We know from Riemann sums that

\(\displaystyle \int_a^b f(x)dx = \lim_{dx \to 0^+} \sum_a^b f(x)dx\)

I assume that this notation is trivial.

That shared \(f(x)dx\) term implies a very loose definition for an integral, i.e.

\(\displaystyle \int_0^1 f(x) = f(0.0000) + f(0.0001) + f(0.0002) + ...\)

Obviously I'm missing infinitely many values here, just roll with it.

These summations with infinitely many terms would spiral out towards infinity, if it weren't for the \(dx\) culling every term to an infinitessimal amount. That is to say that integration is just an operation and deltas are just variables. Integrals are not tied to specific deltas, and deltas aren't tied to any specific part of an equation.

Let's go through an example problem to show what I mean. Capacitors work with the following equation:

\(\displaystyle q = Cv\)

where \(q\) is charge, \(C\) is capacitance, and \(v\) is voltage. We're trying to solve for voltage with respect to current. We can take the derivative of both sides with respect to time and get this:

\(\displaystyle \frac{dq}{dt}=C\frac{dv}{dt}\)

By definition, \(\frac{dq}{dt}\) is just current, giving us this:

\(\displaystyle i=C\frac{dv}{dt}\)

Now for something weird, we're going to multiply both sides by \(dt\). This works because \(dt\) is just a variable. We can multiply expressions by it to get some other value.

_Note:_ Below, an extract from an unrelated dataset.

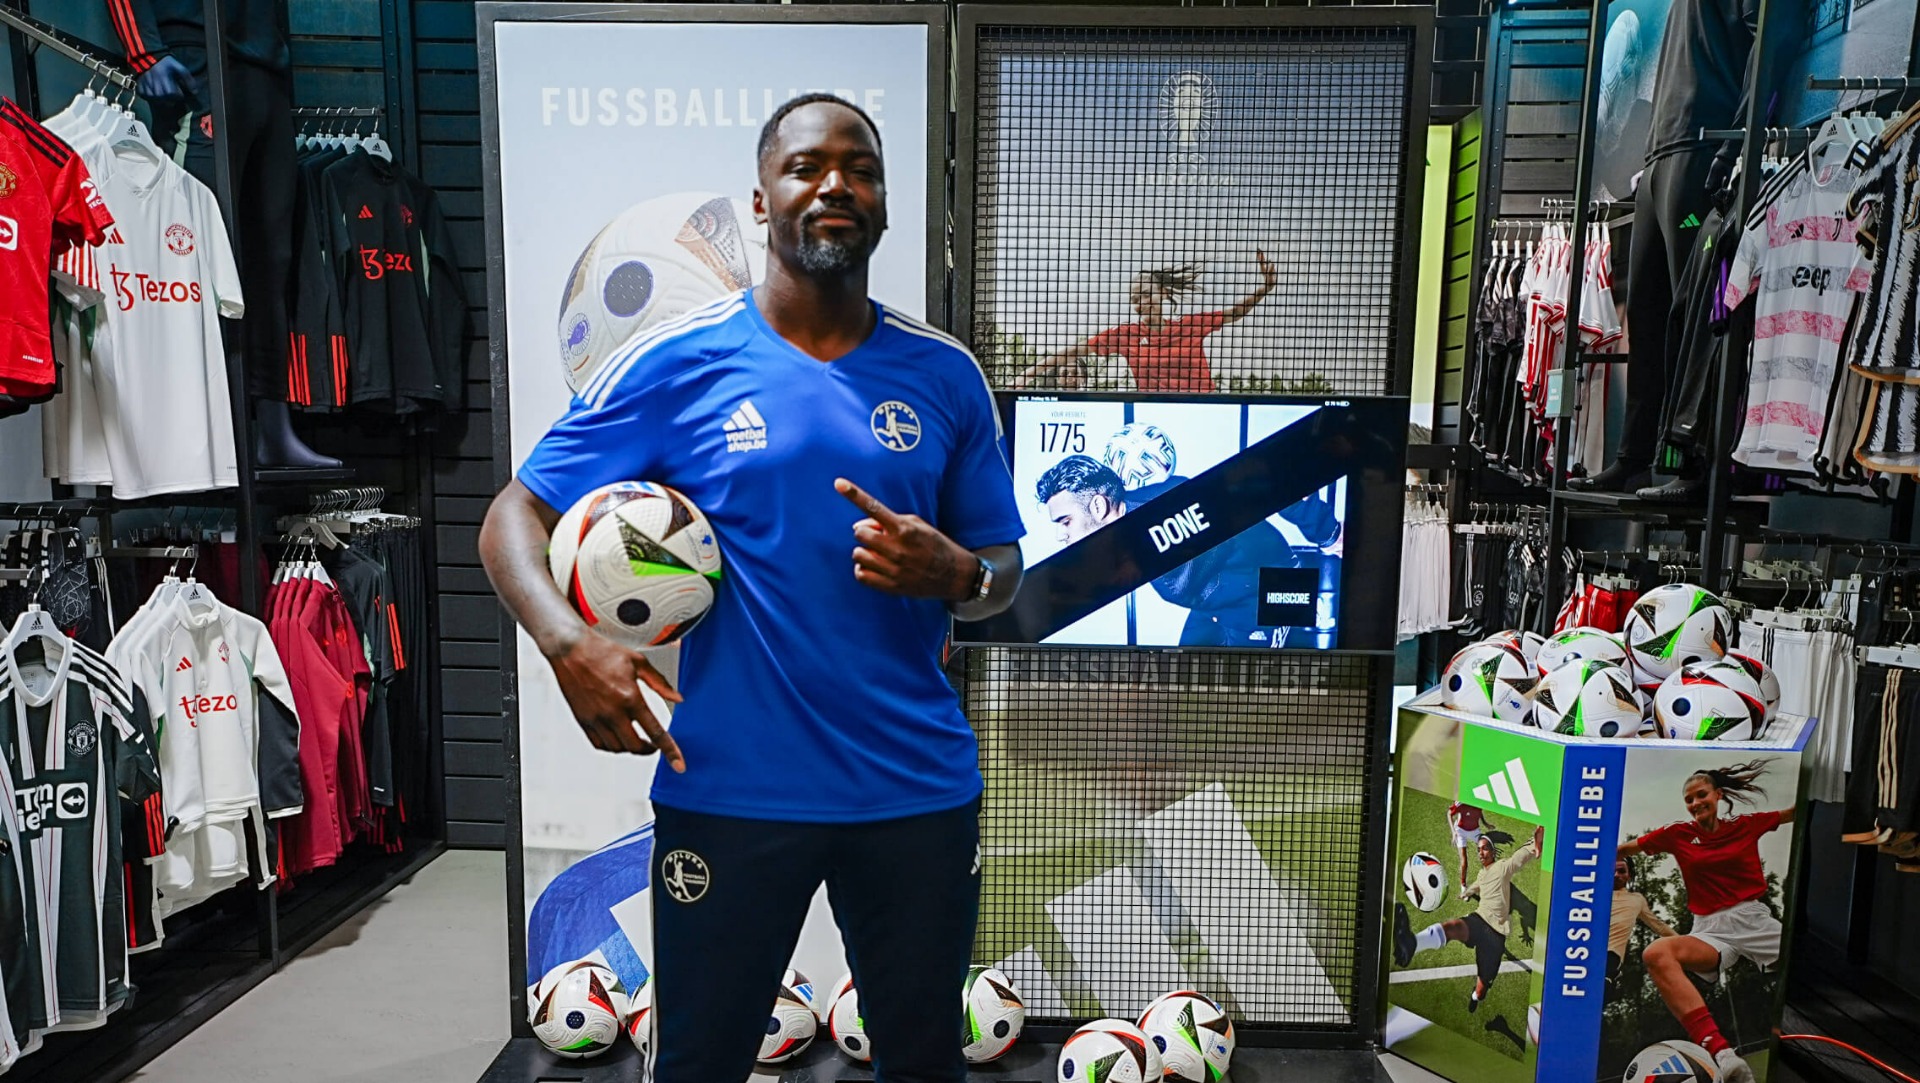 Eerste kennismaking met adidas Fussballliebe bij Voetbalshop Antwerpen

\(\displaystyle i dt=C dv \)

Then we can add up all the possible values (take the integral) of both sides.

\(\displaystyle \int i dt=\int C dv \)

After that it's just basic algebra and calculus

\(\displaystyle vC = \int i dt\)

\(\displaystyle v = 1/C \int i dt\)

\(\displaystyle v(T) = 1/C \int_0^T i dt + v_0\)

This derivation works because deltas are just variables and integration is just an operation. Integrals do not need a specific delta value, and you can multiply deltas to move them around.